Biden DHS choice steered DACA into existence

President-elect Joe Biden’s pick to lead the Department of Homeland Security, Alejandro Mayorkas, is best known for overseeing the implementation of Deferred Action for Childhood Arrivals during his time in the Obama administration.

Mayorkas, 61, was described by a former DHS official as a “centrist,” but compared to the Trump White House’s immigration policies, Mayorkas’s strategies have sided with immigrants of various backgrounds, while President Trump’s policies have clenched down against many forms of legal and illegal immigration.

Mayorkas was tasked with carrying out the executive branch’s DACA memo within 60 days so that illegal immigrants who were brought to the United States as children could apply for two-year reprieves from deportation and receive the ability to work in the country. More than 800,000 recipients have flowed through the program since its 2012 inception.

In 2017, Trump’s Attorney General Jeff Sessions announced the program was being gutted. He called on Congress to create a law to codify the program on the basis that Obama’s action violated the law. Sessions argued that this type of immigration decision must be set by Congress, not the White House.
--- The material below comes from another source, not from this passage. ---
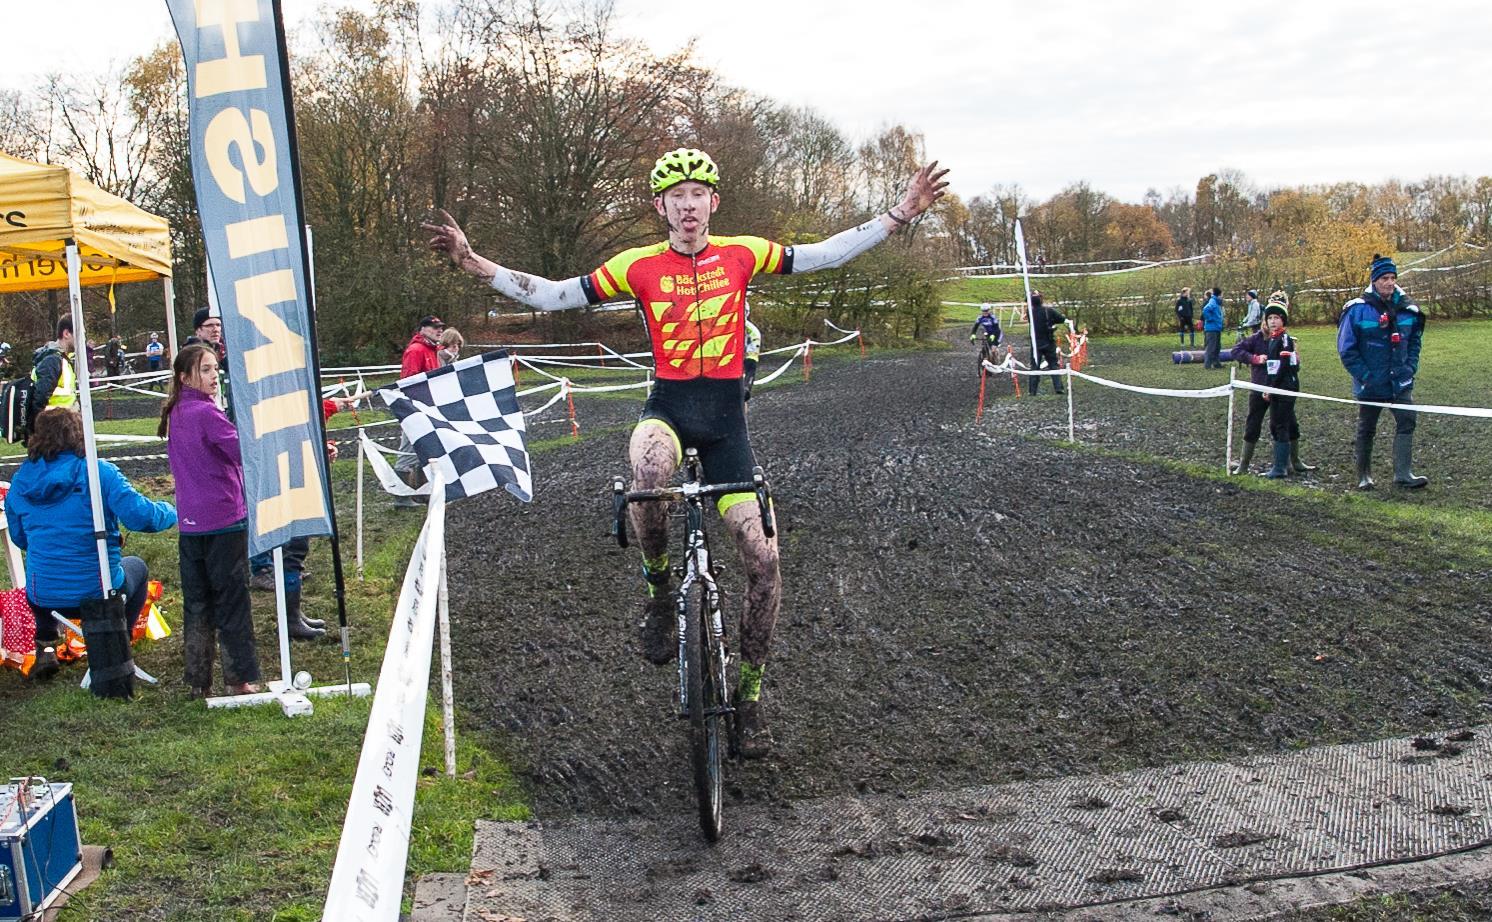 West Midlands Cyclo-Cross League

The program has been in limbo for several years due to DHS’s attempts to block recipients from renewing their protections.
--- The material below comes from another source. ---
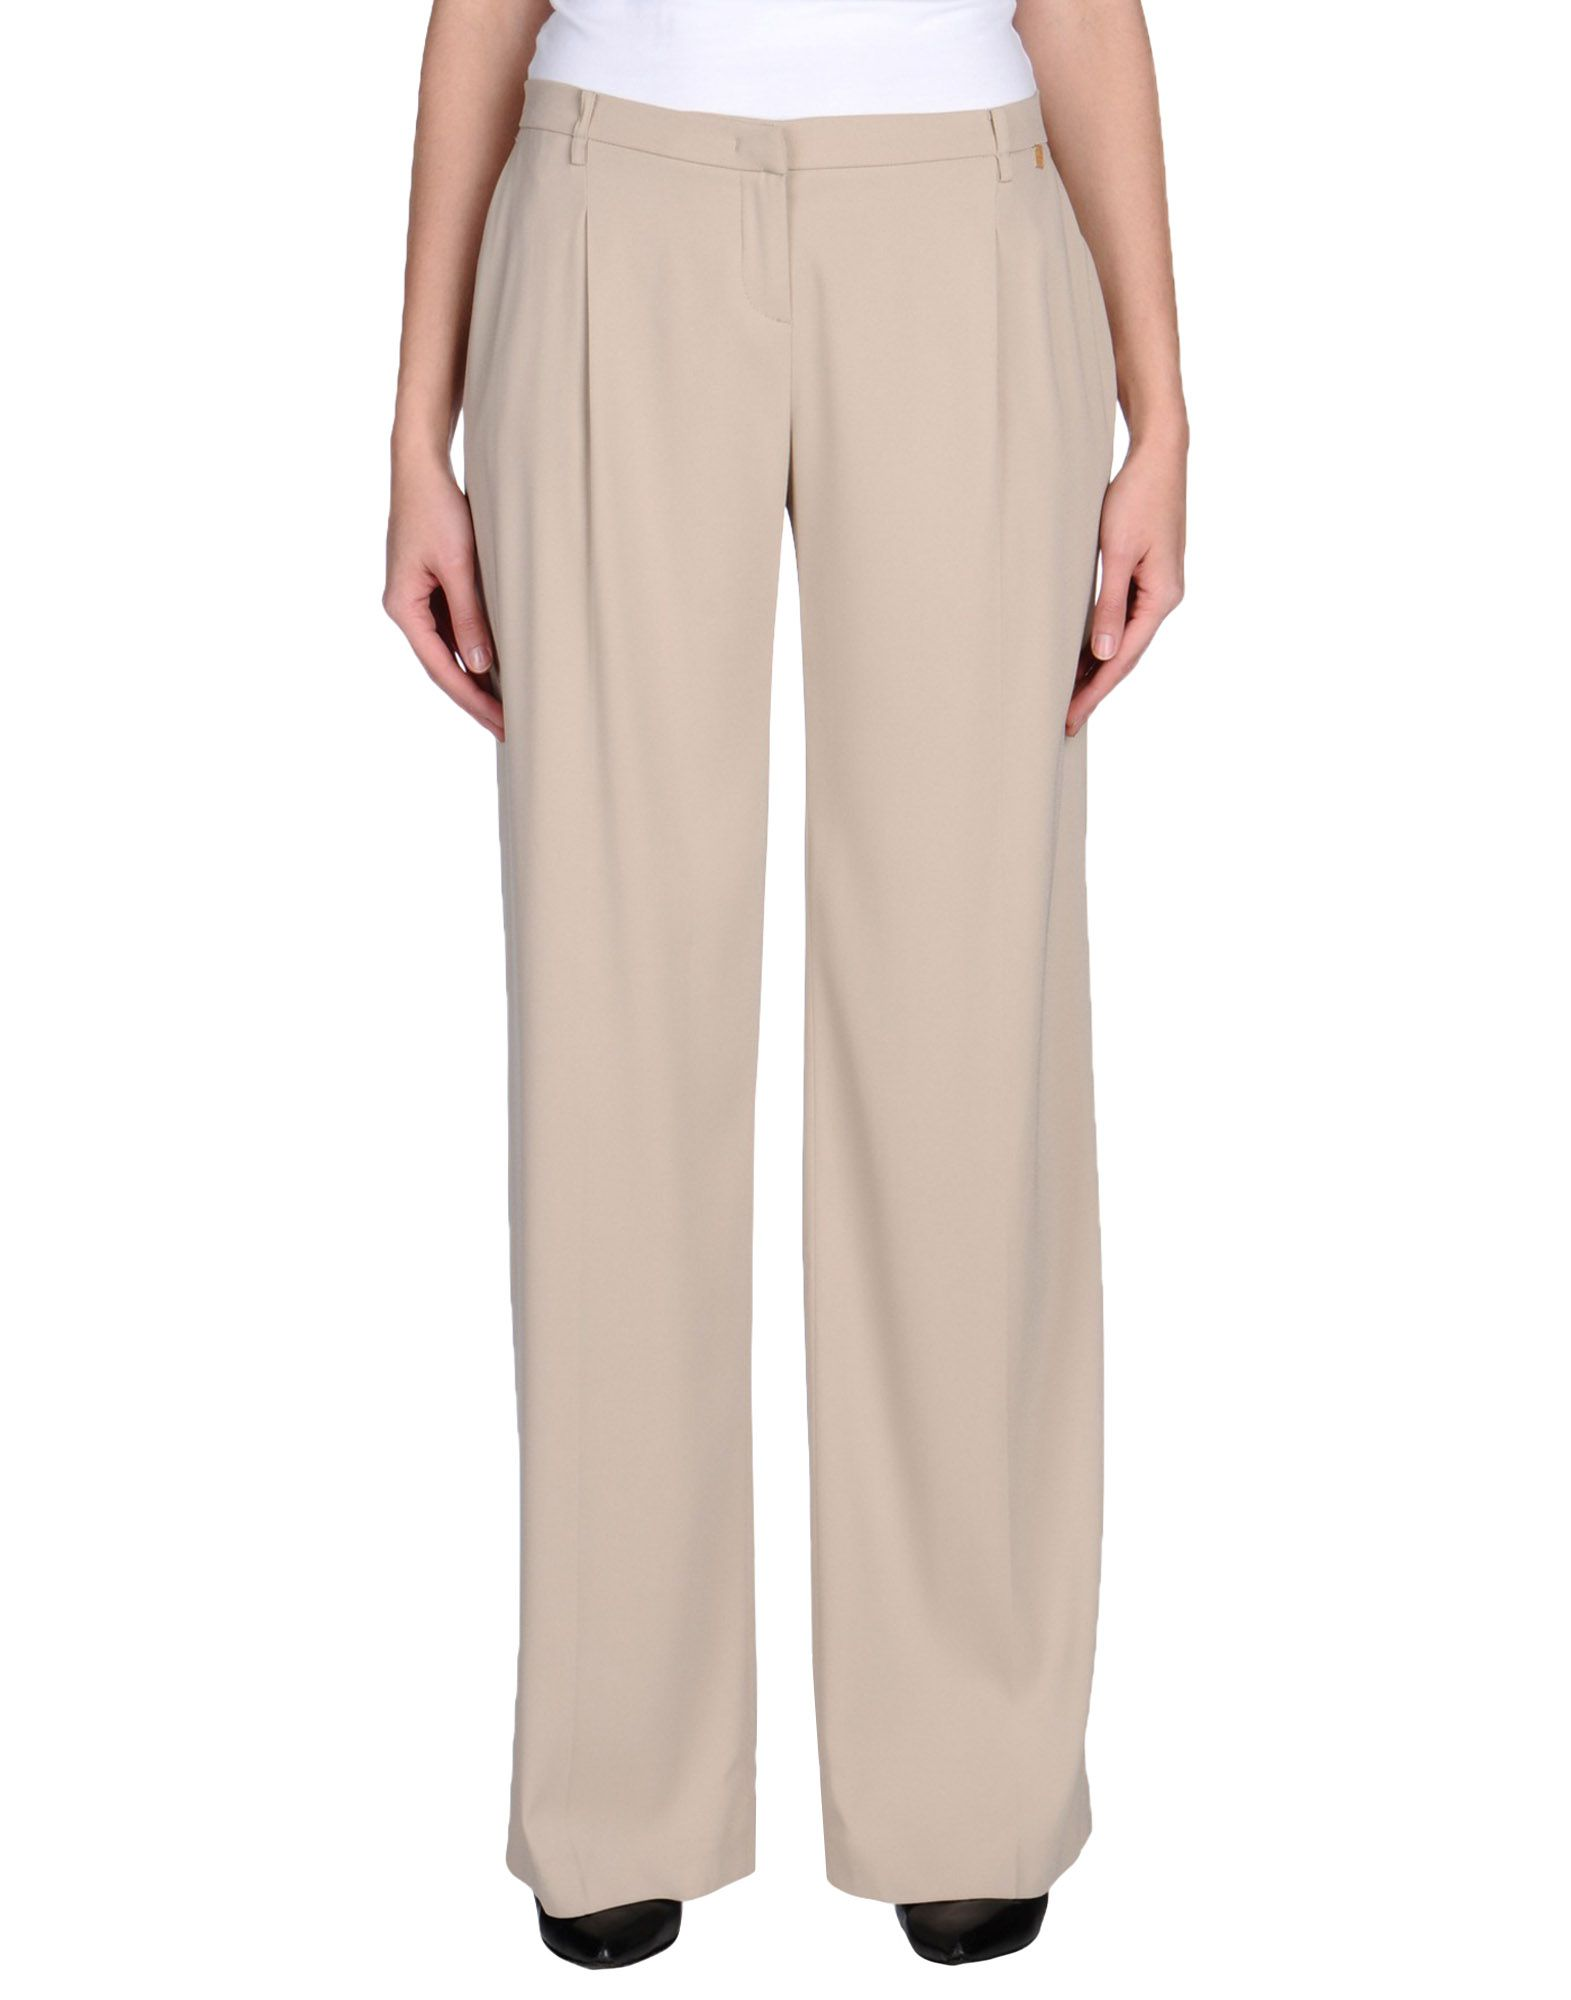 LIU •JO Damen Hose Farbe Beige Größe 6

Mayorkas, the deputy secretary in Obama’s second term, told PBS in 2017 that the “ideal solution would, in fact, be the passage of legislation along the lines of the DREAM Act that has been pending over and over again throughout the years that would give them a more permanent solution to their presence here in the United States.” He said the policy ought to be expanded to allow more people to be protected, and Biden has vowed to reinstate DACA by late April.

Mayorkas is a Cuban immigrant who was brought to the U.S. by his refugee parents as a baby. During his eight years as a DHS official in the Obama administration, the annual cap on refugee admittances ranged from 70,000 to 90,000. Under Trump, the yearly limit dropped to between 18,000 and 55,000 per year.
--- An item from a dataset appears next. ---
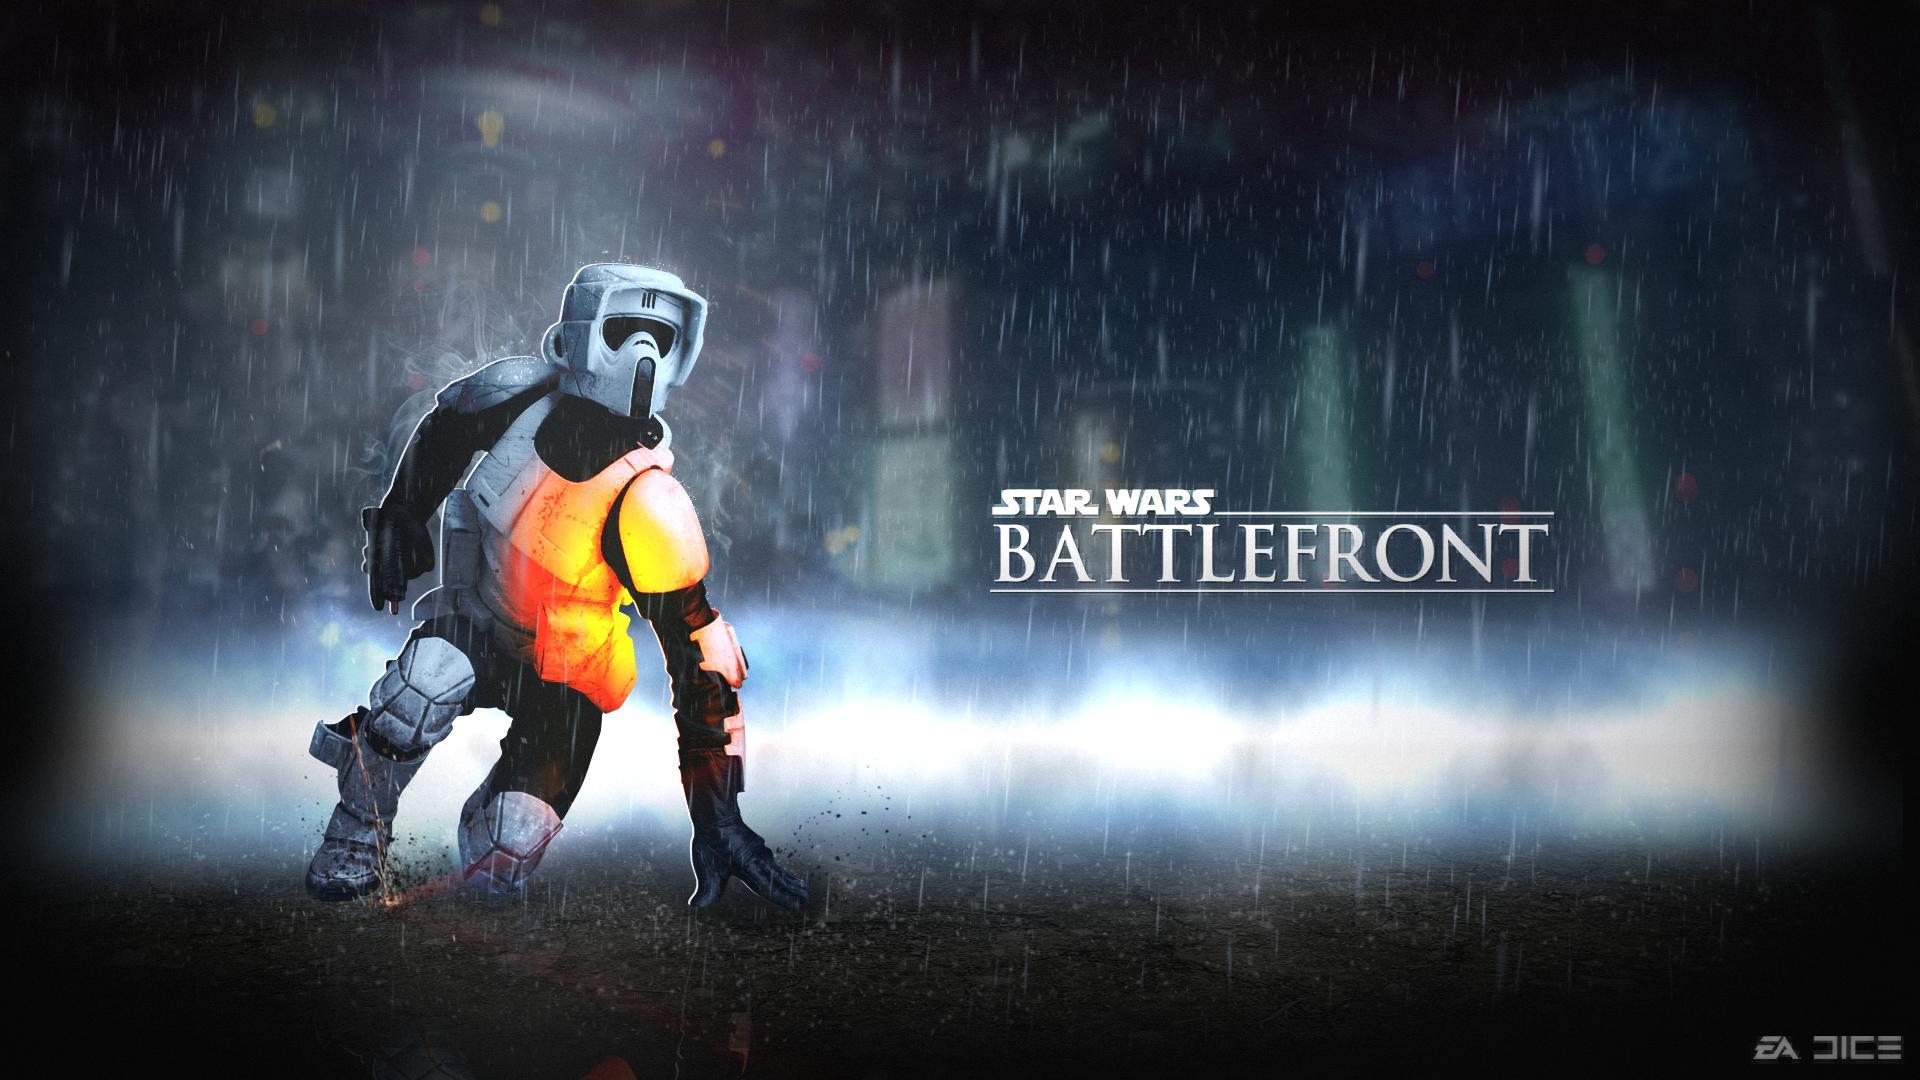 Star Wars Battlefront Wallpapers 1080p

While refugees seek U.S. permission to relocate while still in their country of origin, asylum seekers migrate to the U.S. and seek permission to live here despite not having sought help before leaving their home country. Mayorkas wrote in a Univision op-ed ahead of this past election that Trump’s policies had led to deportations of Cubans seeking asylum at the southern border and Venezuelans who were granted temporary protected status from deportation due to unstable conditions in the South American country.

“Joe Biden has said that, as president, he will swiftly reverse Trump’s policies that have inflicted harm on Cubans, Venezuelans, and many others,” he wrote. “His leadership will bring relief to so many who are suffering from the current inhumane immigration policies that have torn lives and families apart, and allow Cuban Americans to support their families once more. The power of democracy will return in full force visa seekers excluded from Trump administration programs, as well as migrants in foreign countries who want to seek asylum.”

Mayorkas oversaw from 2009 to 2013 the federal agency responsible for legal immigration, U.S. Citizenship and Immigration Services. He created and implemented a program to provide residency in the U.S. for wealthy foreign investors who agreed to create jobs here. A DHS inspector general report in 2015 alleged his involvement in approving petitions for former Gov. Terry McAuliffe, a Virginia Democrat, and others looked suspicious.

Mayorkas reformed USCIS, changing its structure and focusing on fraud detection among applicants. He created the agency’s Fraud Detection and National Security Directorate to ensure applicants were properly vetted and not bestowed visas or work documents that they were not entitled to. The focus on fraud has also been a leading priority among Trump appointees at USCIS, who launched numerous efforts to protect Americans by implementing policies to mitigate fraud.